The book uses the phrase "syntactic inconsistency" rather than "inconsistency" (see Definition 3.10.2). This is because they use "consistent" to mean "satisfiable" and "inconsistent" to mean "unsatisfiable" (see Definition 3.5.8 part (b) and (c)).

Soundness Theorem

Let \(\sigma\) be a signature and suppose that \(\Gamma\) is a set of \(LP(\sigma)\) formulas and \(\varphi\) is \(LP(\sigma)\) formula. If \(\Gamma\vdash\varphi\) then \(\Gamma\models\varphi\).

The proof of soundness is by induction on the height of a derivation. See Theorem 3.9.2 for the proof.

Completeness Theorem

Let \(\sigma\) be a signature and suppose that \(\Gamma\) is a set of \(LP(\sigma)\) formulas and \(\varphi\) is \(LP(\sigma)\) formula. If \(\Gamma\models\varphi\) then \(\Gamma\vdash\varphi\).

We first note the following two observations:

\(\Gamma\vdash\varphi\) if and only if \(\Gamma\cup \{\neg\varphi\}\) is inconsistent.

Proof. Suppose that \(\Gamma\vdash\varphi\). So there is a derivation \(D\) where the root is left labeled with \(\varphi\) and undischarged assumptions are from \(\Gamma\). We can show that \(\Gamma\cup \{\neg\varphi\}\vdash\bot\) as follows: Add a new root to \(D\) left labeled with \(\bot\). The left child of the root is the derivation \(D\) and the right child is \(\neg\varphi\). Right label the root with \(\bot\)E. This is a derivation of \(\bot\) with undsicharged assumptions from \(\Gamma\cup\{\neg\varphi\}\).

Suppose that \(\Gamma\cup \{\neg\varphi\}\) is inconsistent. Then, \(\{\Gamma\cup\{\neg\varphi\}\vdash \bot\). So, there is a derivation \(D\) with the root left labeled with \(\bot\) and \(\neg\varphi\) may occurr in \(D\) as an undischarged assumption. To turn \(D\) into a derivation of \(\varphi\), add a node left labeled with \(\varphi\) below \(\bot\) (the current root of \(D\)), right label the new node with RAA and add a dandah to any leaf left labeled with \(\neg\varphi\).
\(\Gamma\models\varphi\) if and only if \(\Gamma\cup\{\neg\varphi\}\) is unsatisfiable.

Proof.

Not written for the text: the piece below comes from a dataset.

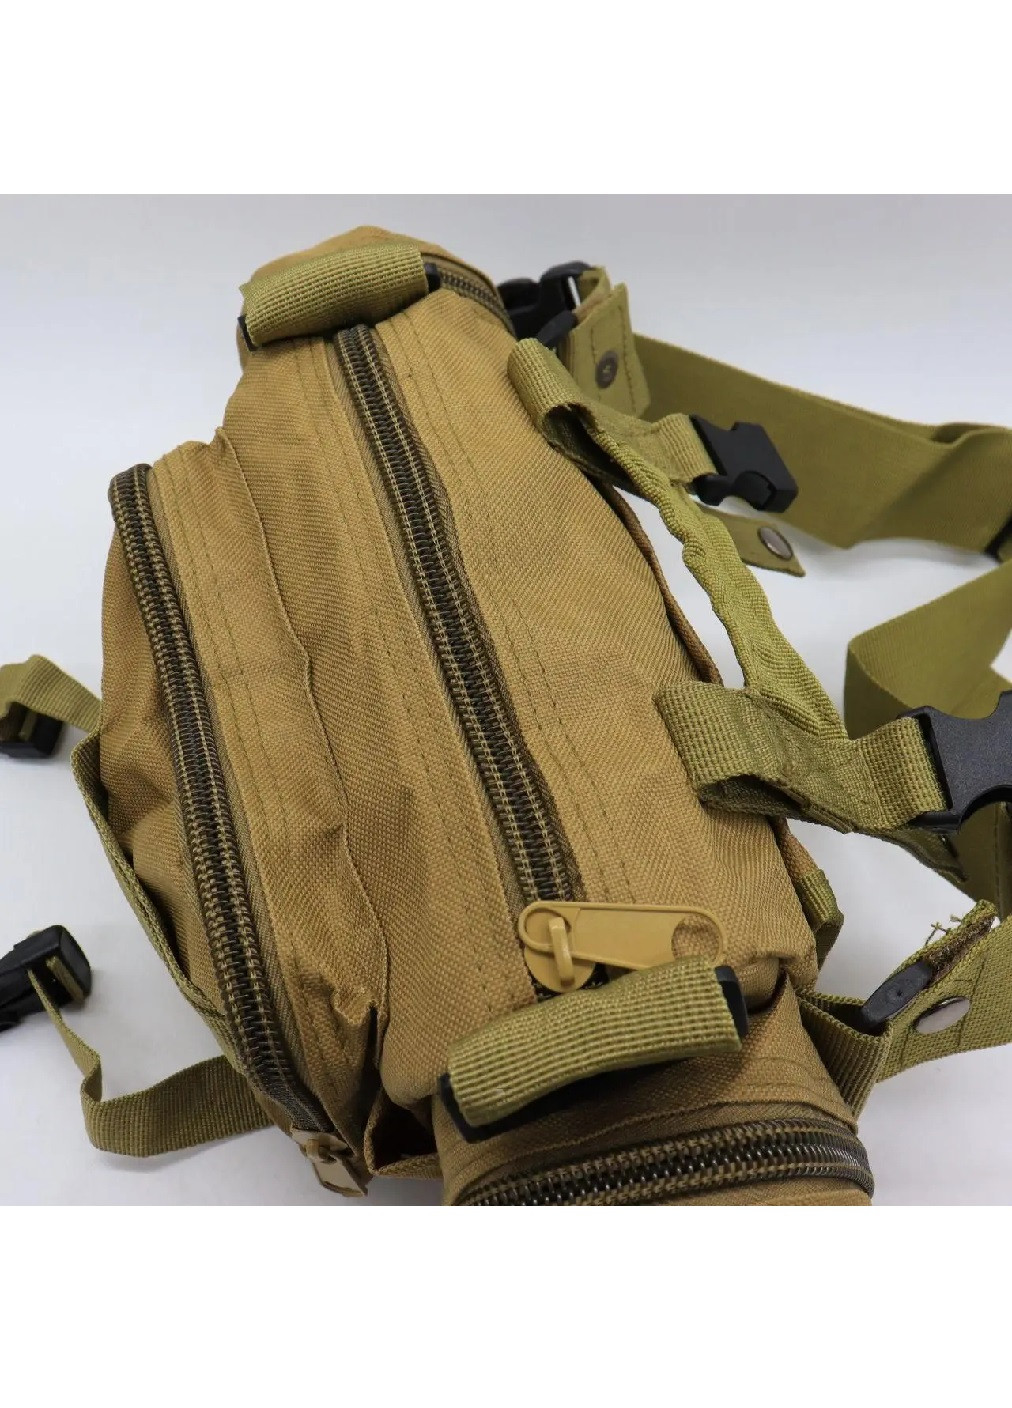 Тактична сумка через плече компактна армійська для риболовлі полювання туризму на 5 л 35х14х18 см (474205-Prob) Пісочна Unbranded (257597018)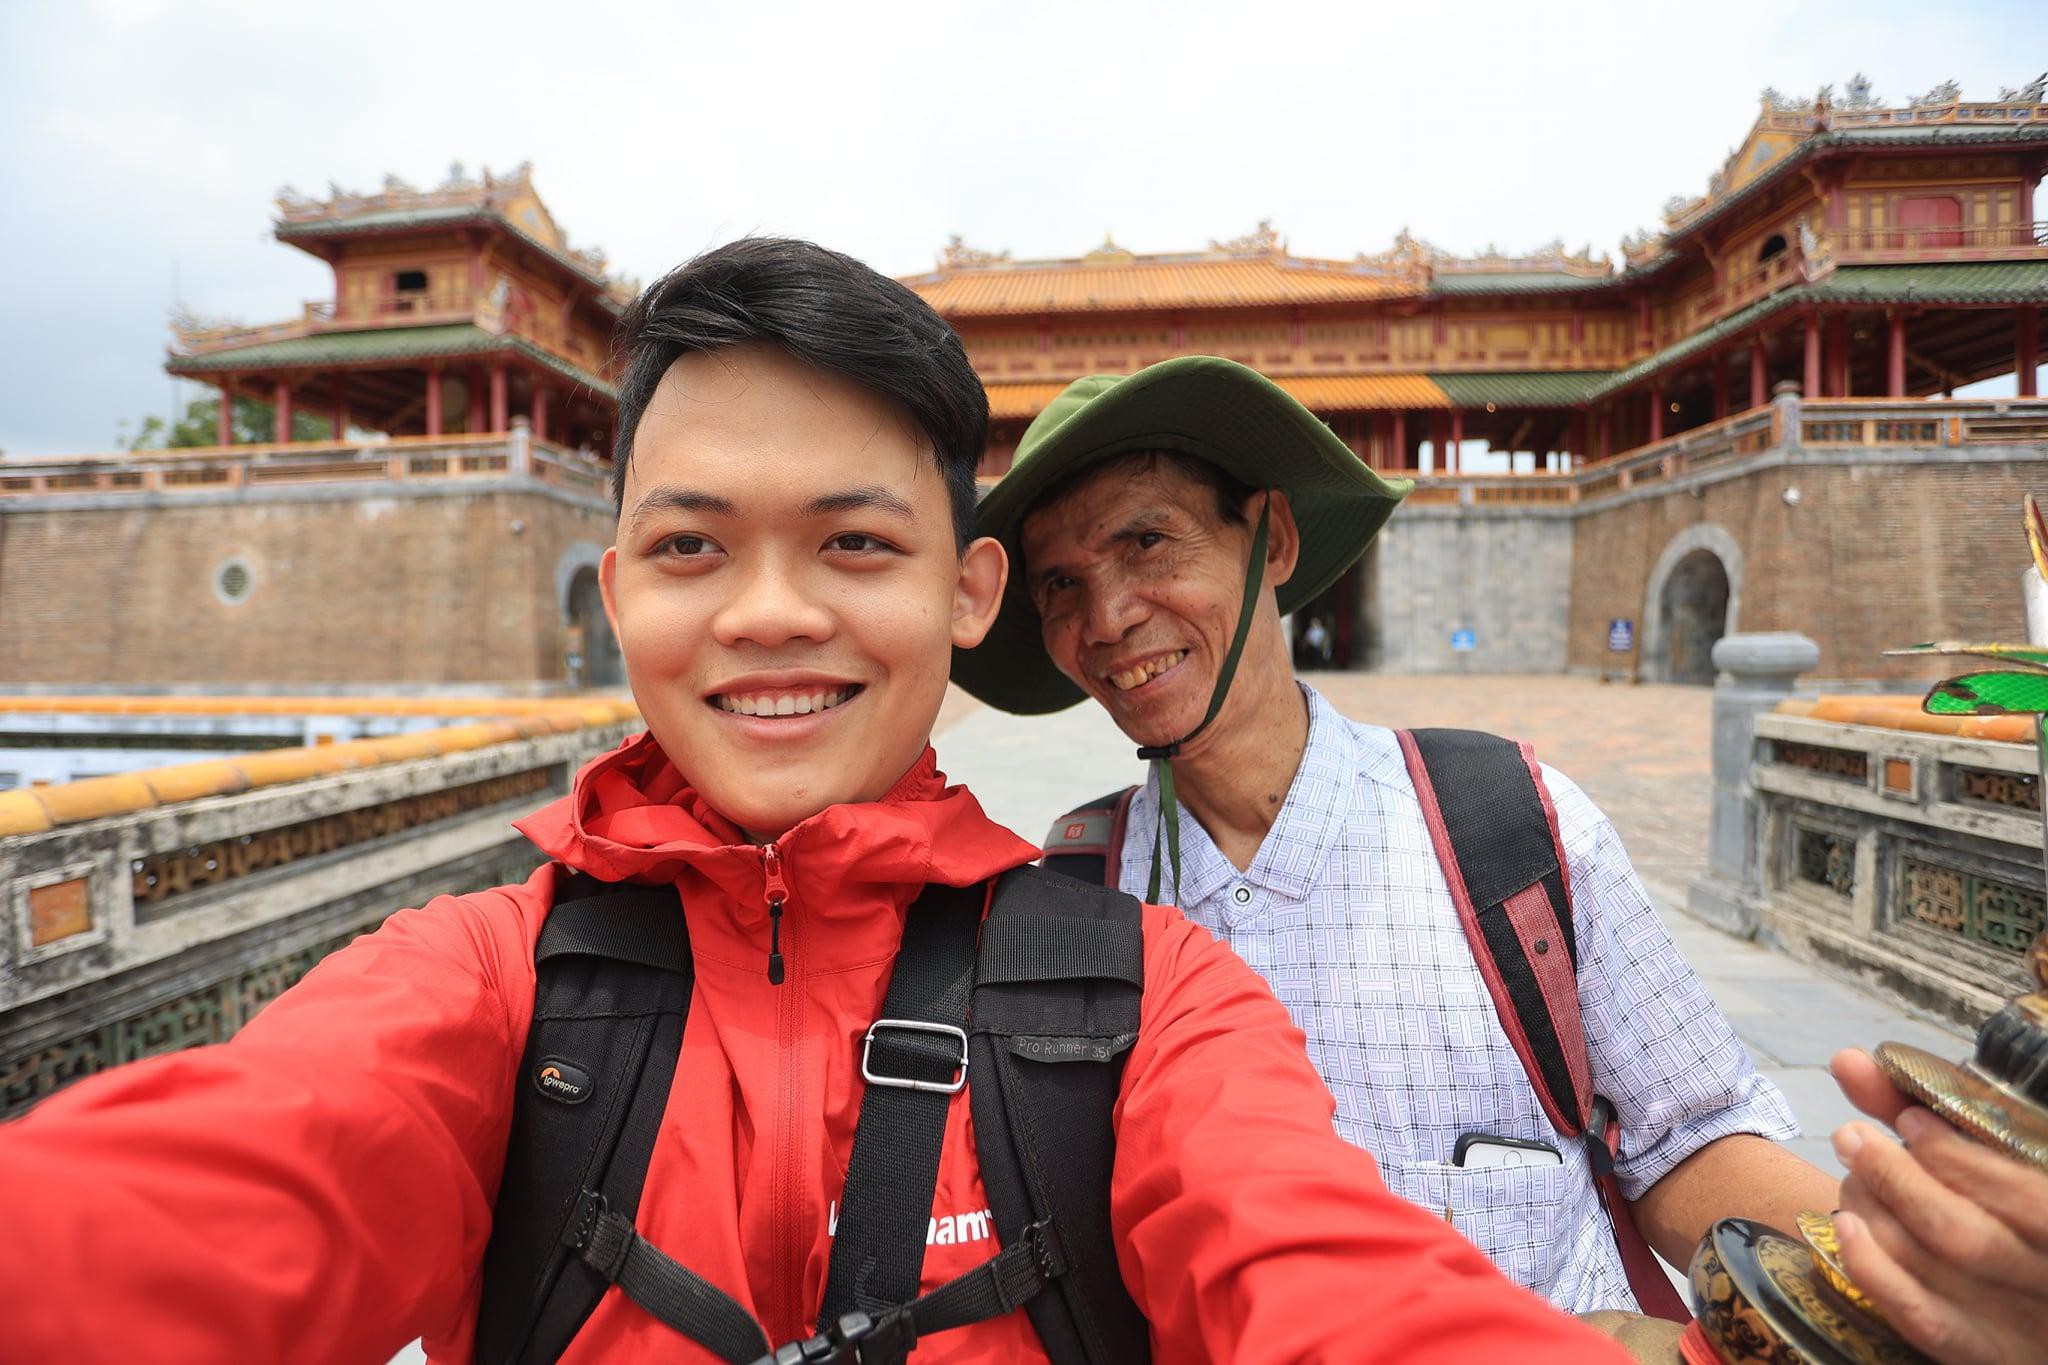 Hành trình xuyên Việt xúc động của chàng thanh niên 9x cùng ‘bạn của ông nội’ ảnh 5

Suppose that \(\Gamma\models\varphi\). Then, for every model \(A\), if \(A\) is a model of \(\Gamma\), then \(A^*(\varphi)=\mathsf{T}\). If there is no model of \(\Gamma\), then there is no model of \(\Gamma\cup\{\varphi\}\), and so, \(\Gamma\cup\{\varphi\}\) is unsatisfiable. So, we can assume that there is a model \(A\) of \(\Gamma\). If \(A\) is a model of \(\Gamma\), then since \(\Gamma\models\varphi\), \(A^*(\varphi)=\mathsf{T}\). Hence \(A^*(\neg\varphi)=\mathsf{F}\). Hence, \(A\) is not a model of \(\Gamma\cup\{\neg\varphi\}\). Therefore, \(\Gamma\cup\{\neg\varphi\}\) is unsatisfiable.

Suppose that \(\Gamma\cup\{\neg\varphi\}\) is unsatisfiable. If \(\Gamma\) is unsatisfiable, then \(\Gamma\models\varphi\). Suppose that \(\Gamma\) is satisfiable. Let \(A\) be a model of \(\Gamma\). Then, since \(\Gamma\cup\{\neg\varphi\}\) is unsatisfiable and \(A^*(\psi)\) for all \(\psi\in\Gamma\), we must have \(A^*(\neg\varphi)=\mathsf{F}\). Hence, \(A^*(\varphi)=\mathsf{T}\). Therefore, \(\Gamma\models\varphi\).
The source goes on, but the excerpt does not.